As with many castrati, reports of Senesino's acting were not always positive, to say the least. The impresario Count Francesco Zambeccari wrote of his performance in Naples in 1715: "Senesino continues to comport himself badly enough; he stands like a statue, and when occasionally he does make a gesture, he makes one directly the opposite of what is wanted." Of the singer's vocal abilities, however, there was no doubt. In 1719, the composer Quantz heard him in Lotti's Teofane at Dresden, and stated: "He had a powerful, clear, equal and sweet contralto voice, with a perfect intonation and an excellent shake. His manner of singing was masterly and his elocution unrivalled. … he sang allegros with great fire, and marked rapid divisions, from the chest, in an articulate and pleasing manner. His countenance was well adapted to the stage, and his action was natural and noble. To these qualities he joined a majestic figure; but his aspect and deportment were more suited to the part of a hero than of a lover."

Senesino and Handel
Following a dispute with the court composer Heinichen in 1720, over an aria in the opera Flavio Crispo, which led to his dismissal, Senesino was engaged by Handel as primo uomo (lead male singer) in his company, the Royal Academy of Music. He made his first appearance in a revival of Radamisto on 28 December, and his salary was variously reported as between £2000 and 3000 guineas: both vast sums. Senesino remained in London for much of the succeeding sixteen years. He became a friend and associate of many in the highest levels of society. He became friendly with, among others, the Duke of Chandos, Lord Burlington and the landscape designer William Kent, while amassing a fine collection of paintings, rare books, scientific instruments, and other treasures, including a service of silver made by the famous Paul de Lamerie.

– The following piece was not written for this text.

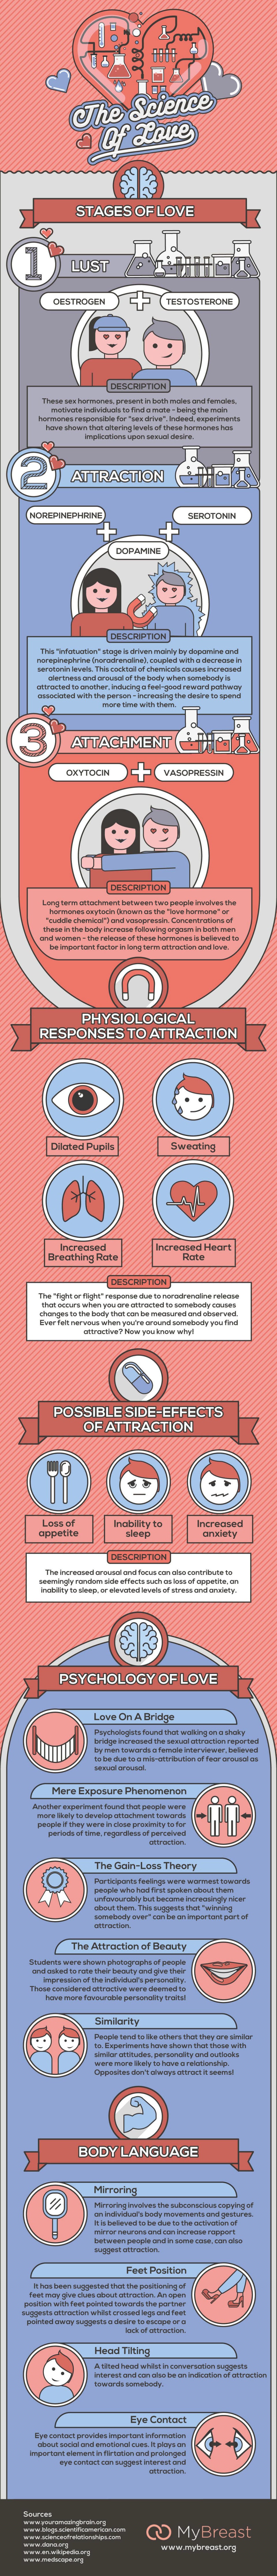 The Science of Love Infographic
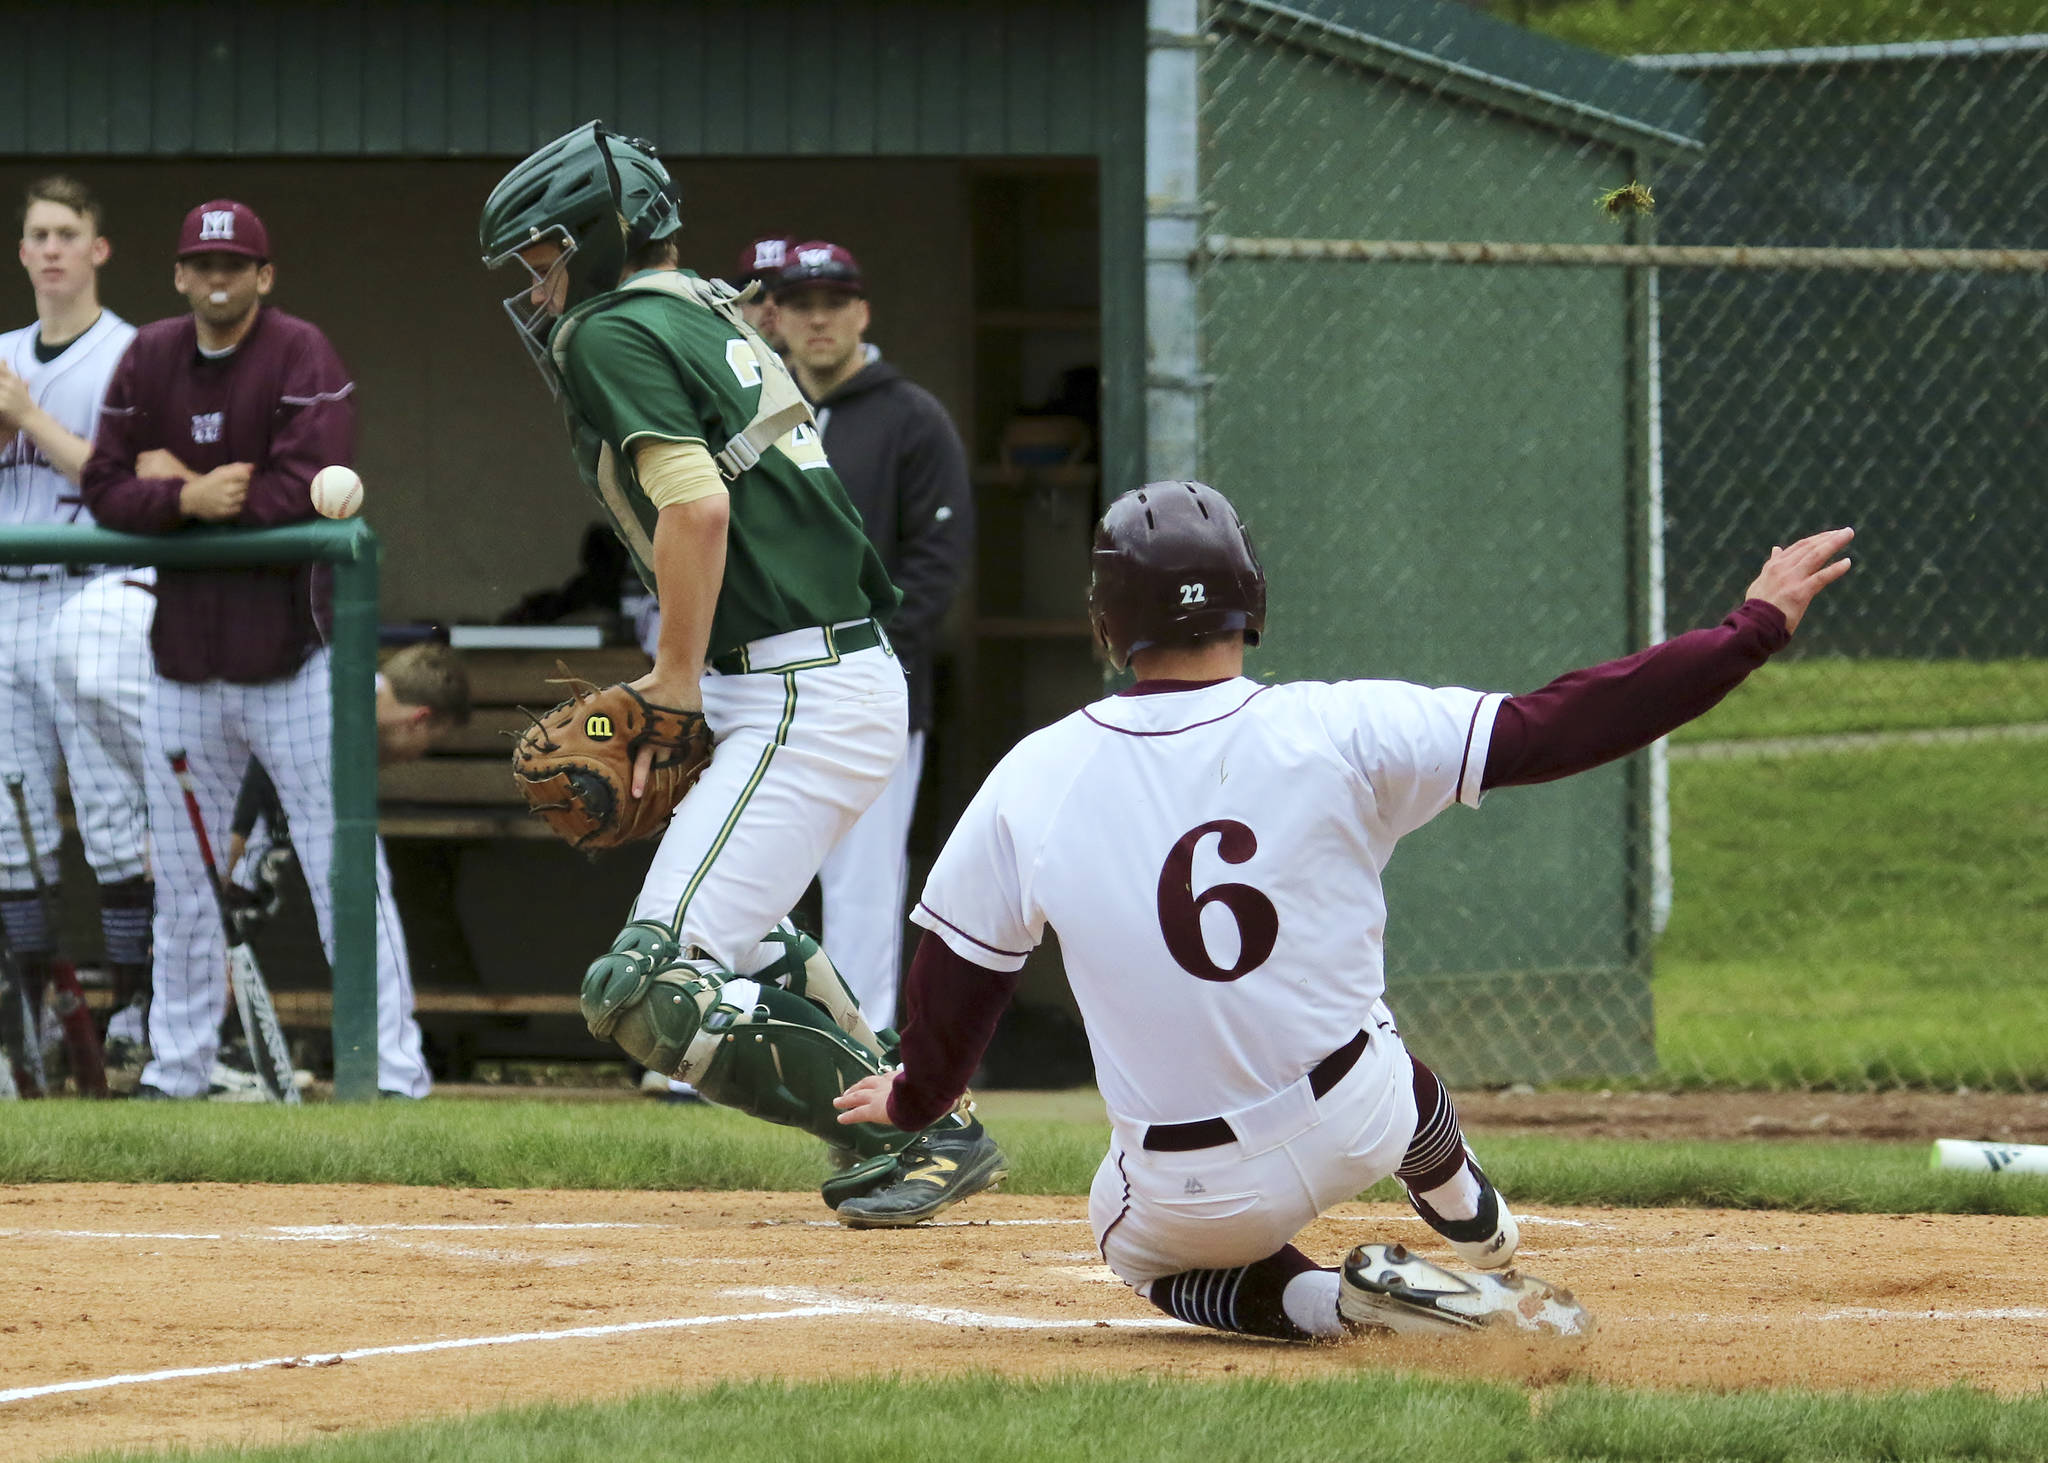 Photo courtesy of Jim Nicholson                                Mercer Island player Greg Fuchs scores the first run of the game for the Islanders in the bottom of the first inning. Mercer Island cruised to a 11-1 win in just five innings against the Redmond Mustangs on April 26 at Courter Field at Bellevue College.

Though creating seventeen leading roles for Handel (including Giulio Cesare, Orlando, and Bertarido in Rodelinda), his relationship with the composer was frequently stormy: "The one was perfectly refractory; the other was equally outrageous," according to the contemporary historian  Mainwaring. After the break-up of Handel's Royal Academy in 1728, Senesino sang in Paris (1728) and Venice (1729), but was re-engaged by Handel in 1730, singing in four more new operas and in the oratorios Esther, Deborah, and, in its 1732 bilingual version, Acis and Galatea. His antipathy to Handel eventually became so great that, in 1733, Senesino joined the rival Opera of the Nobility. Thus he came to sing alongside the great soprano castrato Farinelli, and their meeting on stage (in the pasticcio Artaserse) led to a famous anecdote of Senesino breaking character, as reported by the music historian Charles Burney. 

Both Senesino and Farinelli also appeared in Nicola Porpora's opera Polifemo in 1735.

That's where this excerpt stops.